KnigaRead.com/

Вера Андреева - Эхо прошедшего

На нашем сайте KnigaRead.com Вы можете абсолютно бесплатно читать книгу онлайн "Вера Андреева - Эхо прошедшего". Жанр: Биографии и Мемуары издательство Советский писатель, год 1986.
Перейти на страницу:

…Я очень увлеклась танцами. Мы с братьями старались не упустить случая попасть на очередной бал какого-нибудь из эмигрантских обществ.

Публика, особенно молодежь, очень любила эти балы. Дамы обязательно должны были быть в бальных длинных платьях, мужчины в смокингах или в строгих черных костюмах. Я помню, каких усилий фантазии и умения надо было употребить, чтобы сшить требуемое платье, — обыкновенно я все шила сама, покупая на распродажах за полцены чуточку бракованный бархат, чуточку бракованные кружева. Очень было приятно, когда фешенебельные дамы, уж наверное больше меня потратившие на туалеты, отводили меня в сторону и спрашивали, в каком «салоне» я его шила.

На эмигрантских балах публика была самая разнообразная: было много личностей из этих «бывших» — помятые, давно пережившие свою первую молодость, а может быть, и вторую, это бывшие летчики и галлиполийцы, в потертых смокингах, видавшие лучшие виды, с такими же потертыми лицами, тщательно побритыми, напускающими на свои морщинки радостно-бодрое выражение молодых ловеласов, кидали на молоденьких девушек — слишком молоденьких! — умильные взгляды, приглашали танцевать только на вальс, который и танцевали с тем неподражаемым, забытым искусством бывших гусар, когда, как говорится, из стакана, поставленного на голову, не проливалось ни капли.

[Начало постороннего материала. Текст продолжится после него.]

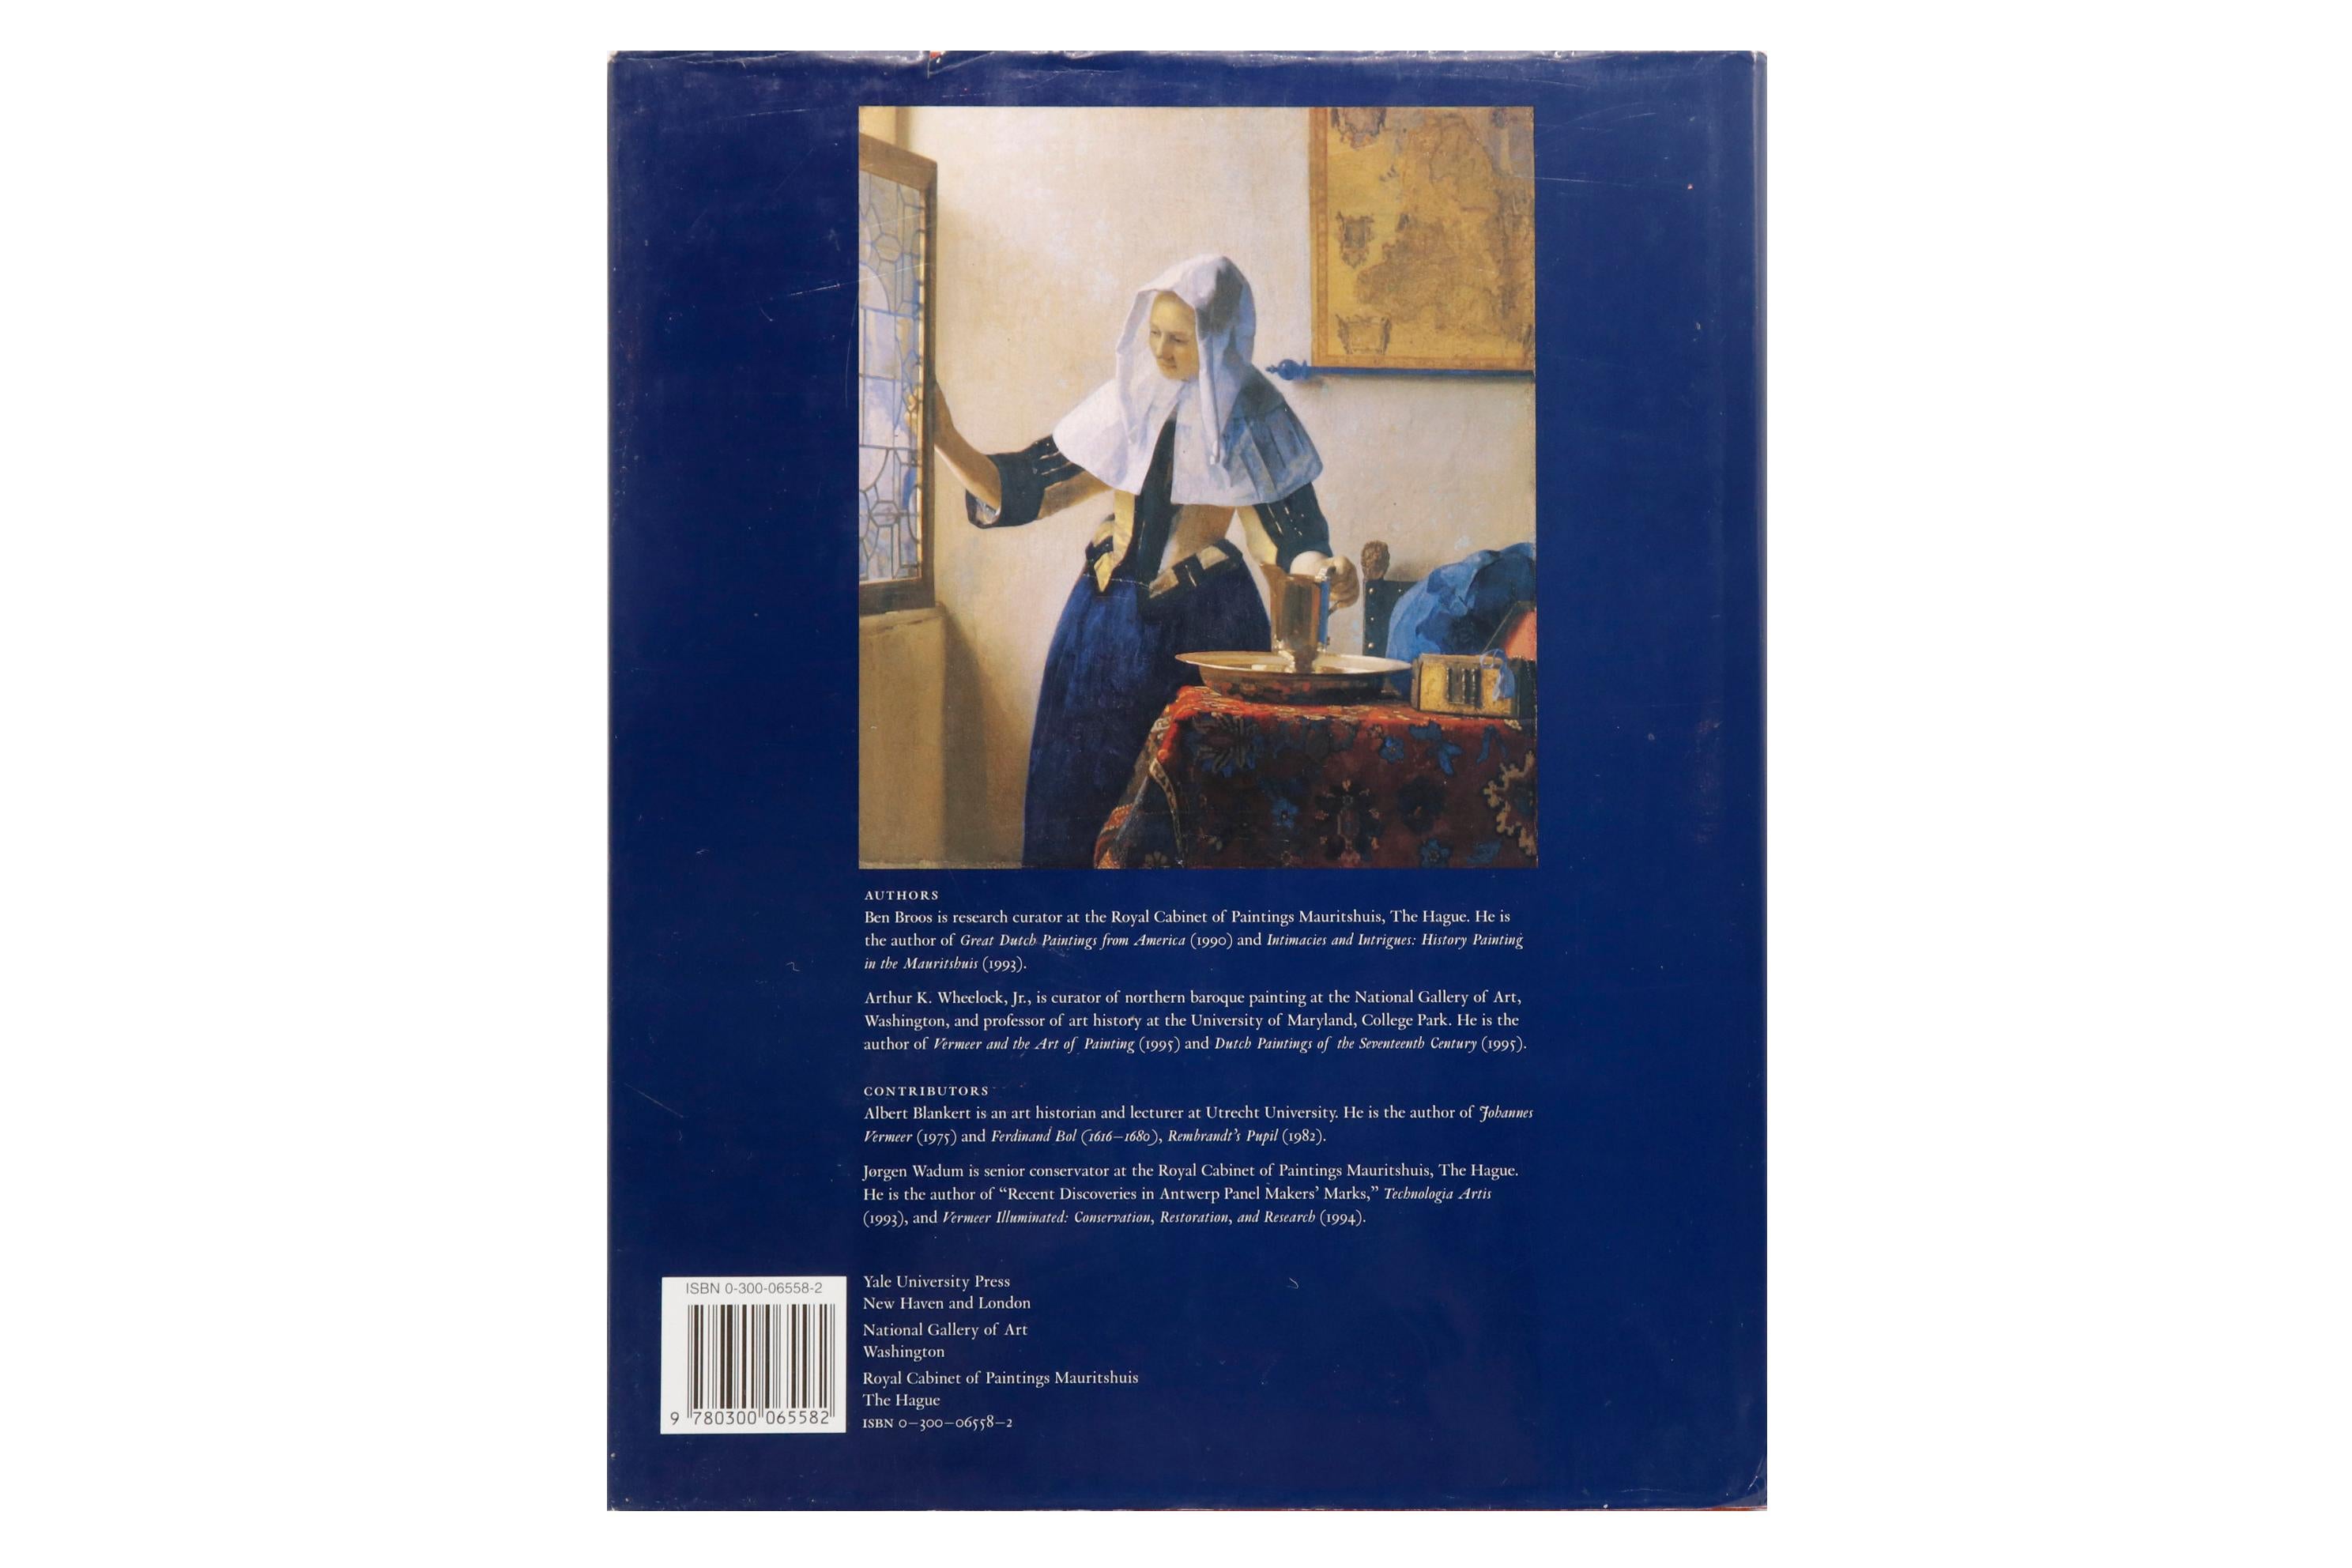 Livre d'art Johannes Vermeer de l'exposition tenue à la National Gallery of Art, Washington, du 12 novembre 1995 au 11 février 1996. Livre relié avec jaquette, illustré, 229 pages.

Это была первая категория эмигрантских «женихов», мечтавших о семейном очаге, который они наконец и создавали, стереотипную эмигрантскую семью: — отец таксист, мать шьет, а дочка танцует — в балете, конечно. Однако девушки, пришедшие во множестве на бал, не мечтали о таких потертых женихах: усевшись на стулья, стоявшие вдоль длинных, бесконечно длинных стен зала, они с молитвенным выражением следили за несколькими молодыми людьми, которые, красные, потные и запыхавшиеся, при всем старании не могли удовлетворить тайные и явные желания милых — и прехорошеньких! — девушек.

Иногда в виде первой части бальной программы устраивались концерты, на которых выступали такие именитые артисты, как Юрий Морфесси, прославившийся исполнением только что появившегося тогда танго «Черные глаза», конферансье Хенкин, очень здорово пародировавший Вертинского, сам Вертинский, петербургские цыгане Дмитриевичи.

На балах я встречала и Вертинского, — он выходил на эстраду, высокий, стройный, в безукоризненном смокинге, и пел свои песни под удивительно чуткий, нежный аккомпанемент своего друга-пианиста. Потом выходил пародист Хенкин и, чуть покачнувшись от томной слабости, картавил:

— Танго «Магнолия», слова мои, музыка тоже ворованная, — до того похоже, что зал тут же разражался смехом и аплодисментами.

Слова знаменитого танго были тоже все перевраны: «…Вертинский в Сингапуре вовсе не был, бананы он в Париже только ел, алчных тигров видел лишь в витрине, магнолию он в парке подсмотрел, — стыд, срам, просто балаган, у Саши, — показывая себе на голову, — не в порядке, очевидно, там!»

Вертинский выступал иногда за пародистом, — велико было его обаяние, потому что никто больше и не думал улыбаться, когда он, чуть покачнувшись, объявлял:

— Танго «Магнолия». Слова мои, музыка тоже моя.

Когда я в первый раз после юга повстречалась с Вертинским на балу, он сразу даже не узнал меня:

— Как, это вы, красивая девушка? — сказал он. — Куда же девался ваш загар? А я-то думал, что это не загар, а ваш натуральный цвет… А вы сейчас бледнее луны…

Потом он жаловался, что стареет, что неинтересно как-то стало жить «среди этих французов». «Надоели они все хуже горькой редьки», — весь как-то скривившись, прошептал он.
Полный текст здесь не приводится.